MEHMET KARA
Enerjide tedarikçi çeşitliliğini sağlamak çok önemli.
Çünkü hiç bir ülke kendi geleceğini tek bir ülke ya da şirkete mahkum etmek istemez.
Konuya enerji ithalatçısı bir ülke konumundaki Türkiye açısından bakarsak…
Petrolde tedarikçi ülke çok, bol bol da satıcı şirket var. Kömürde de buna benzer bir durum var. Ama doğalgaz için aynı şeyi söylemek zor. Halen boru hattıyla doğalgaz getirilen ülke sayısı üç ile sınırlı: Rusya, Azerbaycan, İran…
Sıvılaştırılmış doğalgaz (LNG) tedarikçisi ülke ve şirket sayısı petroldeki kadar yüksek olmasa da idare eder. Ama Türkiye’nin LNG’nin ağırlığını artırması zor. Çünkü hem boru gazına göre daha pahalı hem de LNG’yi mevcut şebekeye aktarabilecek altyapı yetersiz.
İşte bu yüzden Türkiye’nin, Irak, Türkmenistan, İsrail gazını taşıyacak boru hattı projelerinin merkezinde görünmesi, gösterilmesinde şaşılacak bir durum yok. Ayrıca Türkiye’nin Avrupa tarafındaki yakın ve uzak komşularının boru hatlarını tersine çalıştırarak oradan da gaz getirebilmesi teorik olarak mümkün. Sadece biraz proje ve ilişki geliştirip bunları hayata geçirmek gerekiyor.
Tüm bunlar, üzerinde uzun uzun konuşulup, uzun vadede çalışılıp hayata geçirilebilecek projelerin konusu.
Aynı şekilde enerjide kaynak çeşitliliği de çok önemli. Çünkü yine hiç bir ülke kendisini tek bir enerji türüne bağımlı hale gelmeyi arzu etmez. Gazı da, kömürü de, doğalgazı da bir şekilde kullanmak, fazla gelirse yedekte teminat olarak tutmak mümkün. Tüm bu kaynaklarda ithal/yerli dengesinin nasıl oluşturulacağı, ekonomik gerekliliklere bağlı. Yani zamana ve zemine göre değişebilir, tartışılabilir.
Ancak enerji konusunda yenilenebilir kaynakların bugüne ve geleceğe damgasını vurduğu tartışılamayacak kadar açık hale gelmiş durumda. 1970’lerde temiz çevre, 1980’lerden itibaren ise iklim kaygıları nedeniyle kanuni zorlamalarla öne çıkarılmaya çalışılan güneş, rüzgar, biyokütle, dalga gibi enerji kaynakları günümüzde gelişen teknolojinin de desteğiyle fosil yakıtlara göre daha avantajlı konumlar elde etmiş durumda.
Yani Türkiye enerji politikalarını yeniden şekillendirirken günübirlik ihtiyaçlardan ziyade, küresel trendleri gözetmek zorunda.
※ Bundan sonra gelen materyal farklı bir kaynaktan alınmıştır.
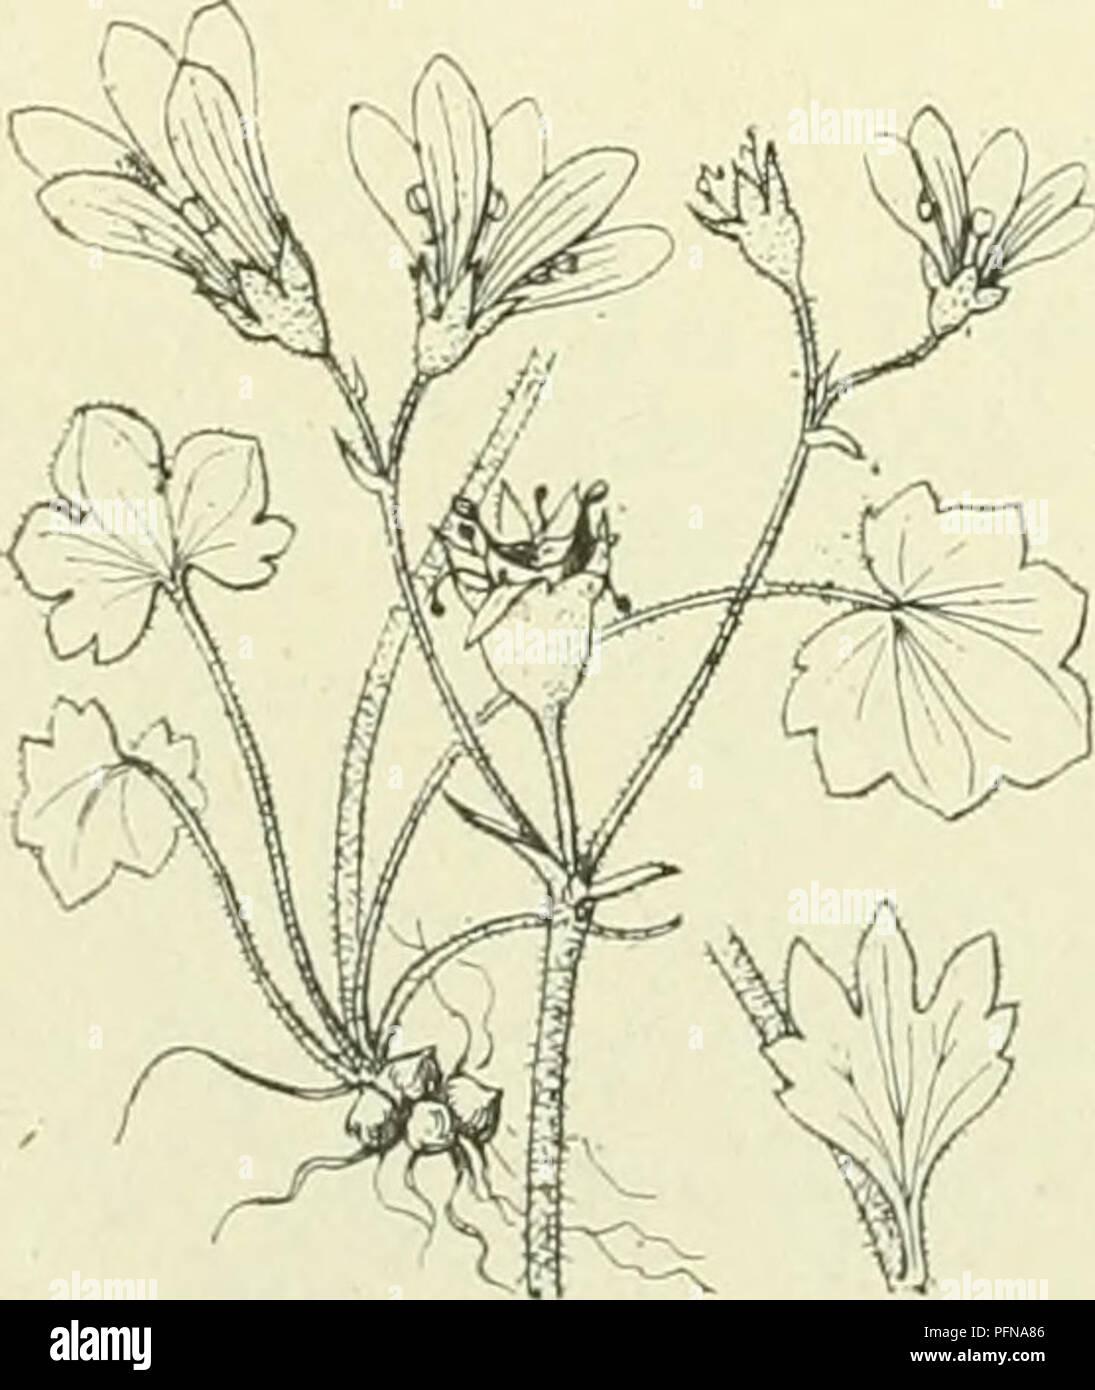 . De flora van Nederland. Plants. Engeland, IJsland) zullen de zeldzame vindplaatsen in ons land (Bergumerheide, Harder- wijk, bij Leimuiden, bij Amsterdam, Stolwijk) wel betrekking hebben op verwilderde planten. De plant wordt n.1. wel als sierplant gekweekt. S. tridactylites ')L. Kandelaartjes (fig. 584). Deze plant is geelgroen, klierachig kort behaard. De wortel is dun, er zitten geen knolletjes op. De stengel is rechtopstaand, dun, verspreid met bladen bezet, vaak roodachtig aangeloopen. De wor- telbladen vormen bijna een roset, zijn spatelvormig, onge- deeld of 3-lobbig. De stengelbladen - Stock Image
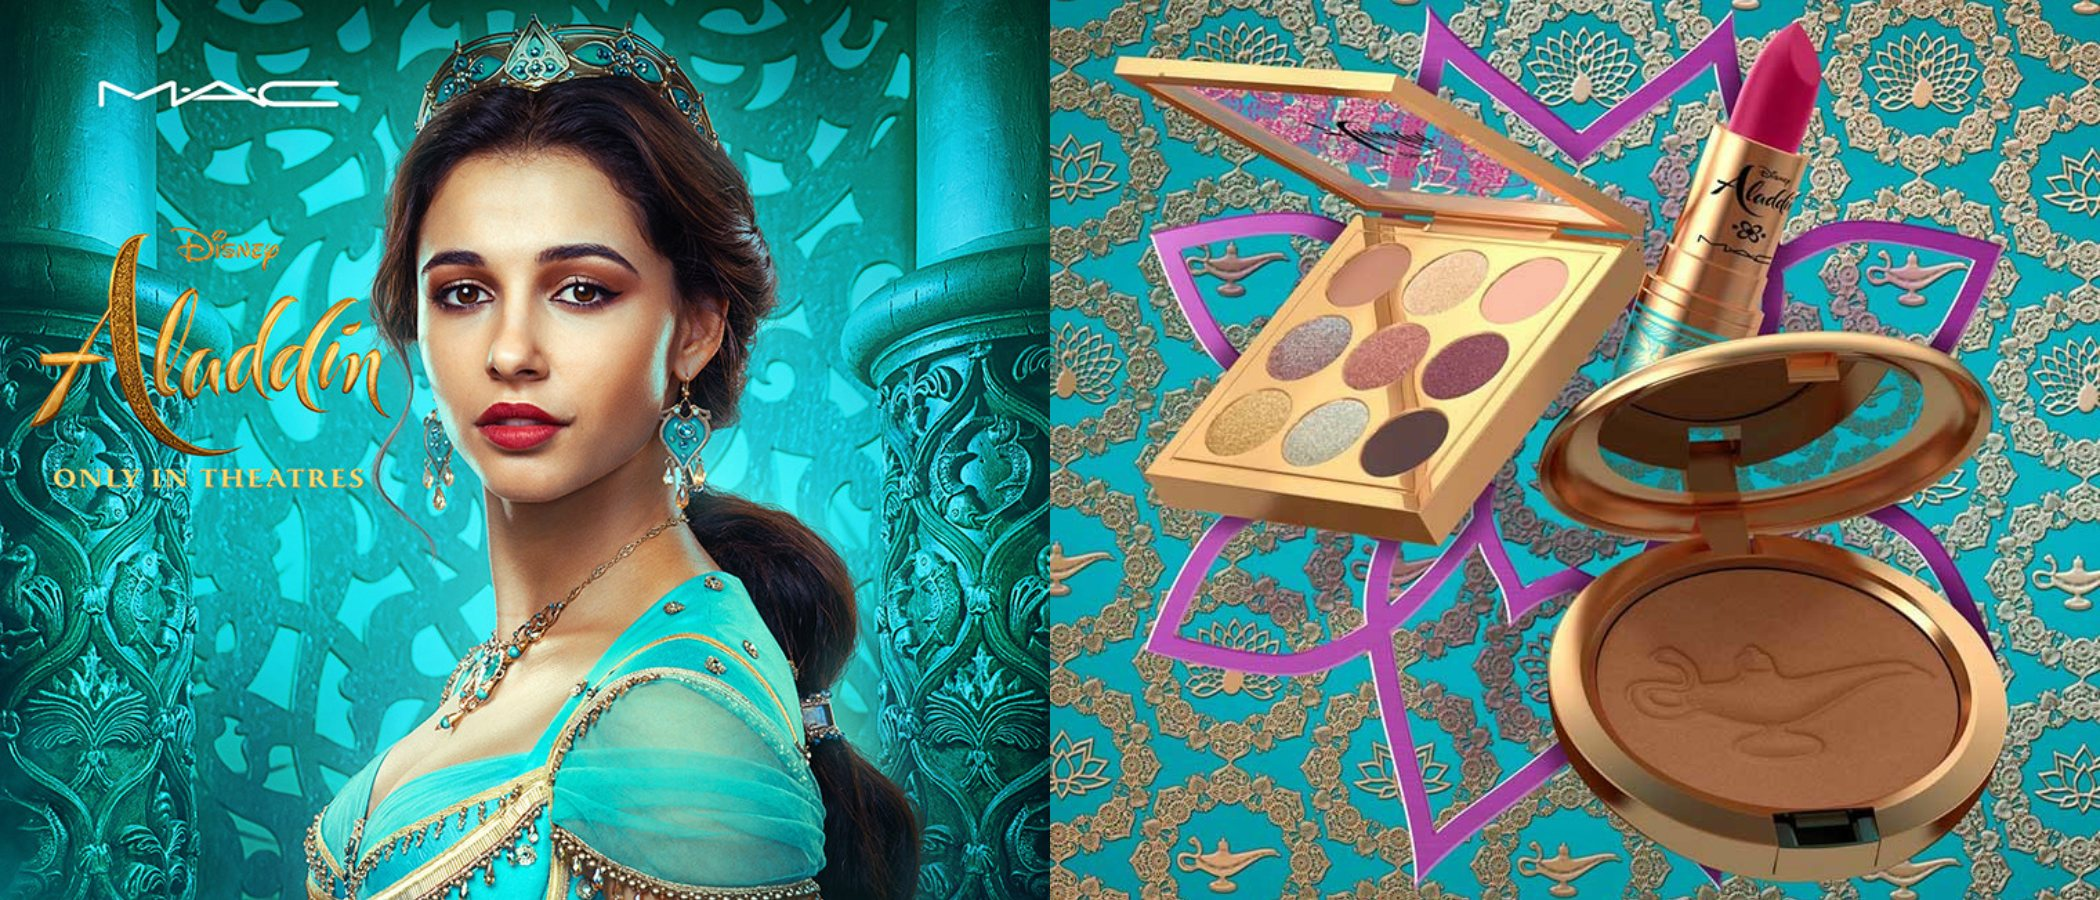 MAC lanza una colección de maquillaje inspirada en 'Aladdin'

Bu açıdan bakıldığında kömür, petrol ve doğalgaz gibi fosil yakıtlara dayalı yapılacak yatırımları gelecekte bekleyen pek çok risk varken, yenilenebilir kaynaklara yapılan ve yapılacak yatırımların durumu çok çok farklı. Güneş ve rüzgar bedava kaynak olmanın avantajıyla, biyokütle ise özellikle tarım-gıda sektörleriyle birlikte ele alınıp daha fizibıl yatırımlara imkan veren bir kaynak noktasına getirilmesiyle giderek daha çok öne çıkıyorlar.
Bu kaynakların geri plana düşmesi pek mümkün görünmüyor. İş sadece bu kaynaklardan daha iyi yararlanmaya dönük teknolojilerin geliştirilmesine kalıyor. Yani kaynakların rekabeti değil, teknolojinin, inovasyonun, buluşların rekabetin söz konusu olacak.
Tüm bunlar bize gösteriyor ki, Türkiye’nin enerji politikalarının omurgasını yenilenebilir enerji kaynakları ve bununla ilgili teknolojik gelişmeler oluşturmalı. Hepsi bir yana, yenilenebilir kaynaklar bir yana.